The American Academy of Neurology has also published an evidence-based guideline for managing athletes with concussion. This guideline recommends immediate removal from play of an athlete with a concussion until they can be assessed by a licensed health care professional trained in recognizing concussion. The guideline recommends assessing each athlete individually, with no set timeline for safe return to play. For example, high school and younger athletes should be managed more conservatively, because they can take longer to recover than college athletes. This guideline also concludes that absolute rest during concussion recovery is not supported with sufficient evidence, and therefore activities that do not worsen symptoms and do not pose a risk of repeat concussion may be included in the concussion management plan…

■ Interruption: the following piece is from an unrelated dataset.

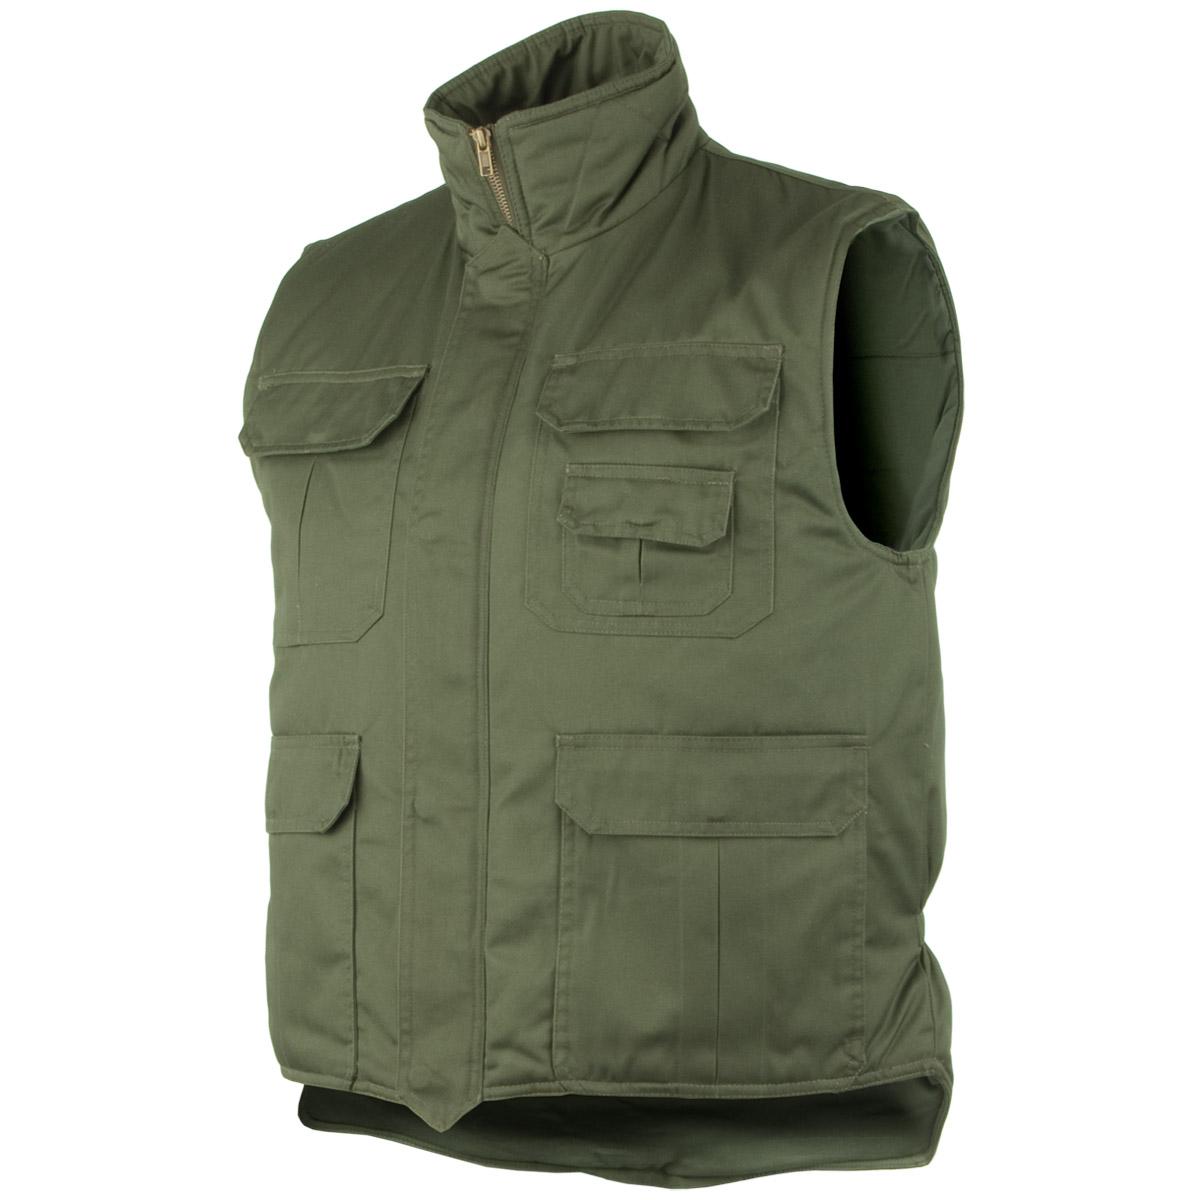 army body warmer padded mens vest fishing jacket hunting. Black Bedroom Furniture Sets. Home Design Ideas
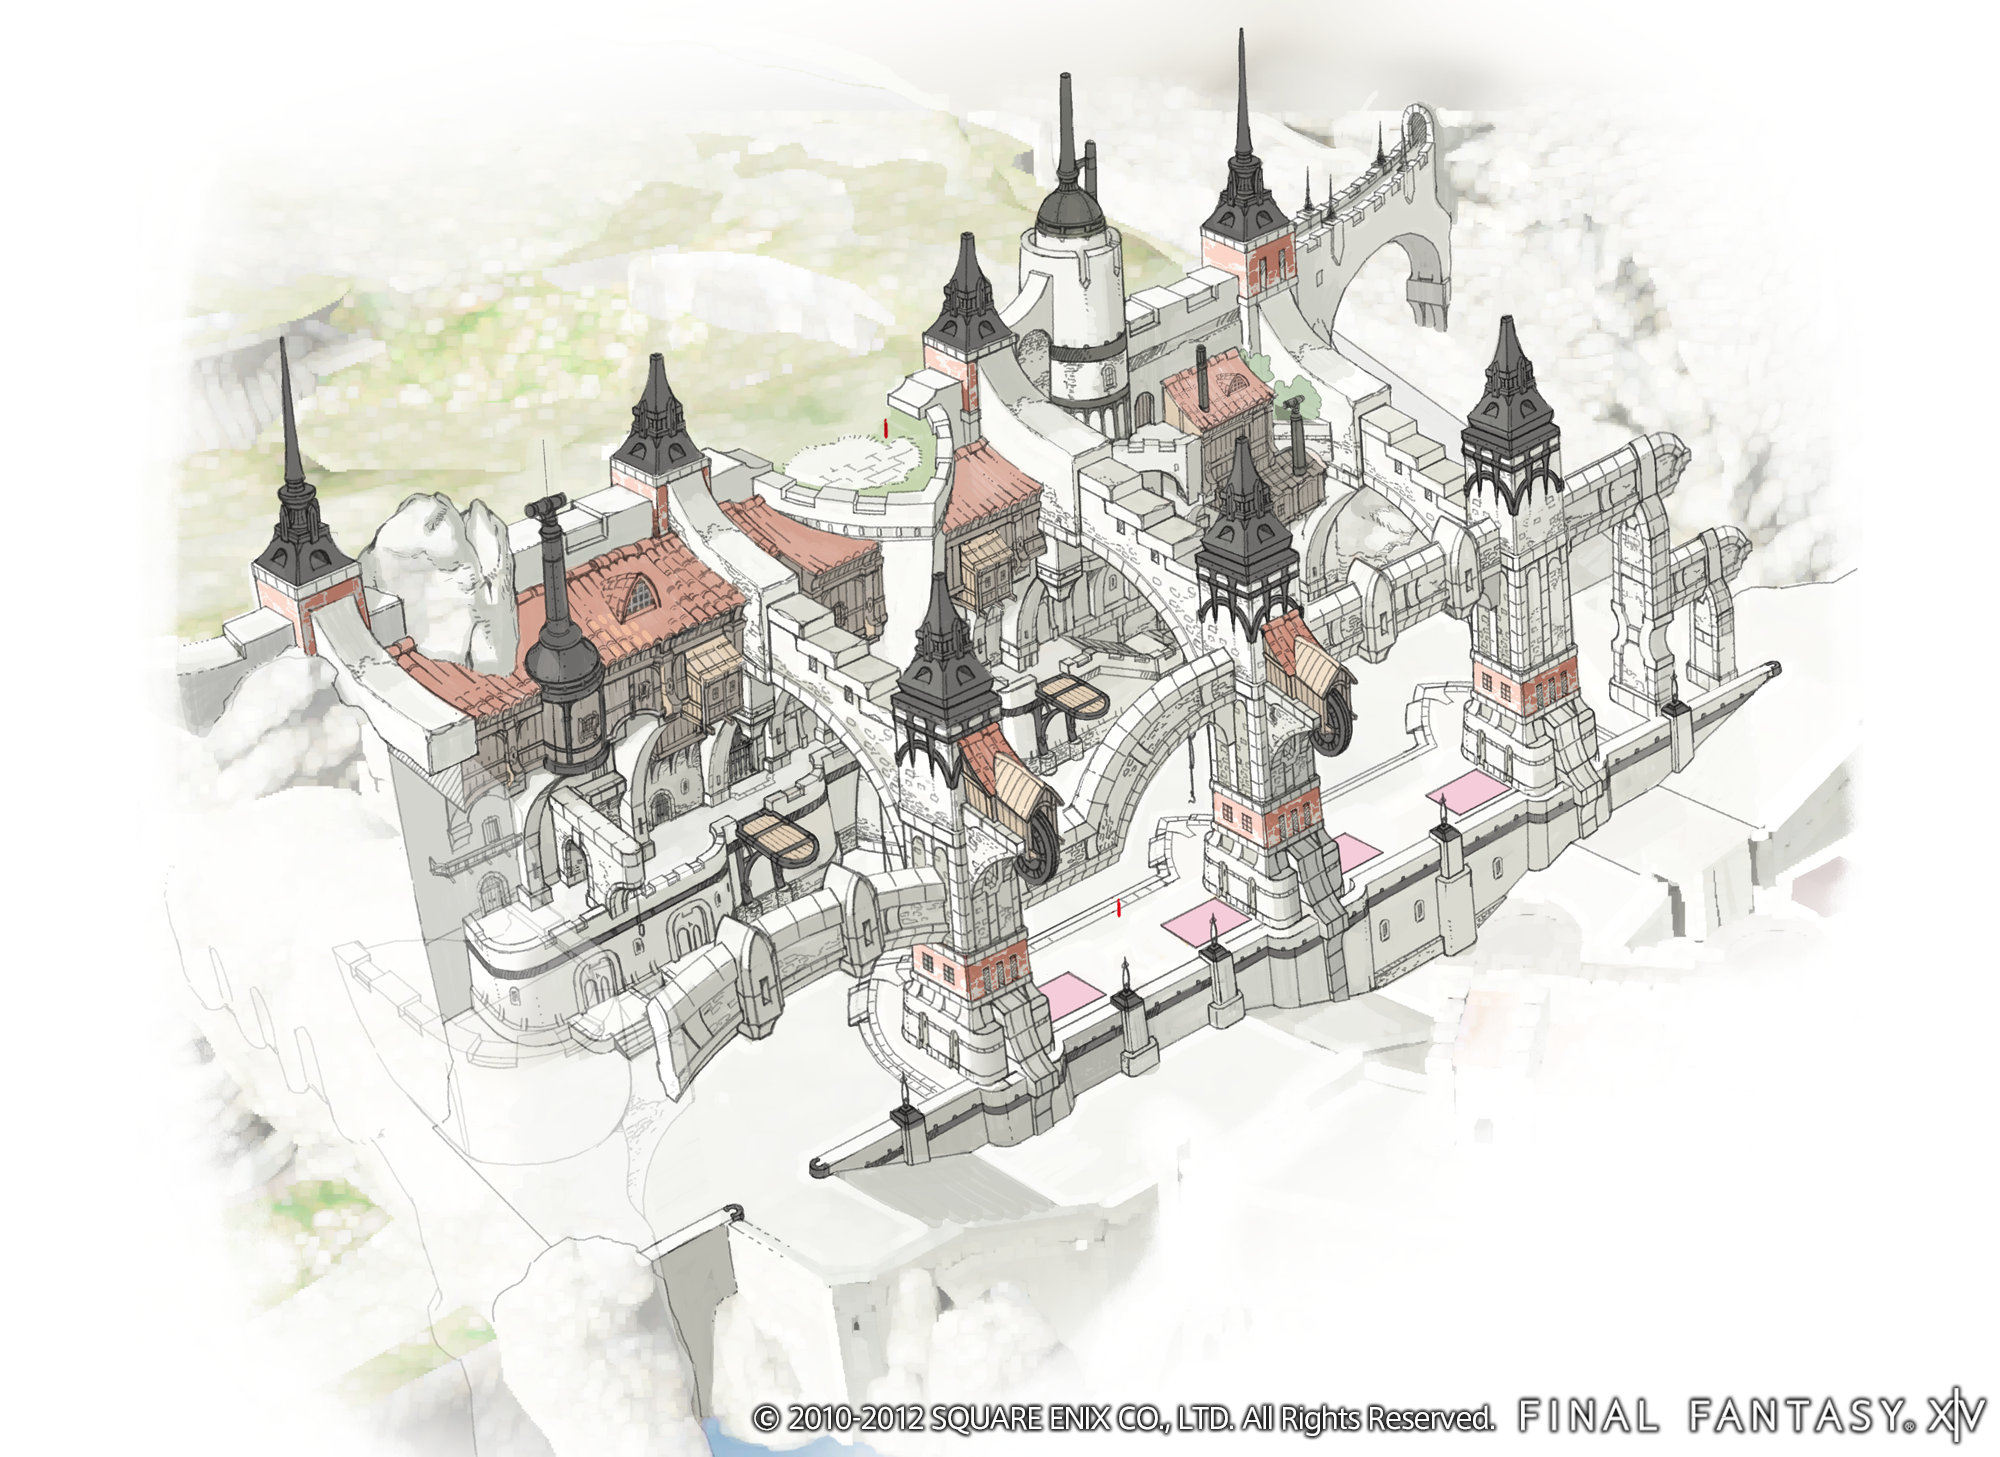 Final Fantasy Xiv A Realm Reborn Fantasy Art Wallpapers: Final Fantasy XIV: A Realm Reborn HD Wallpaper

To date, there have been no studies that demonstrate that pharmacological treatments are effective at speeding the recovery from a concussion or diminishing the deficits attributed to the injury.  In fact, there is a great need for large-scale, multicenter studies to evaluate the benefits of medications for treating prolonged postconcussion symptoms and to determine if there is any benefit to neuroprotective therapies. Nevertheless, patients who are experiencing prolonged symptoms (either PCS or PPCS) that significantly impact their daily activities may benefit from medical treatment of their ongoing symptoms. The decision to treat with pharmacological agents must be made on an individual basis and should take into account the degree and duration of impairment from the symptoms and the potential adverse effects of starting a medication.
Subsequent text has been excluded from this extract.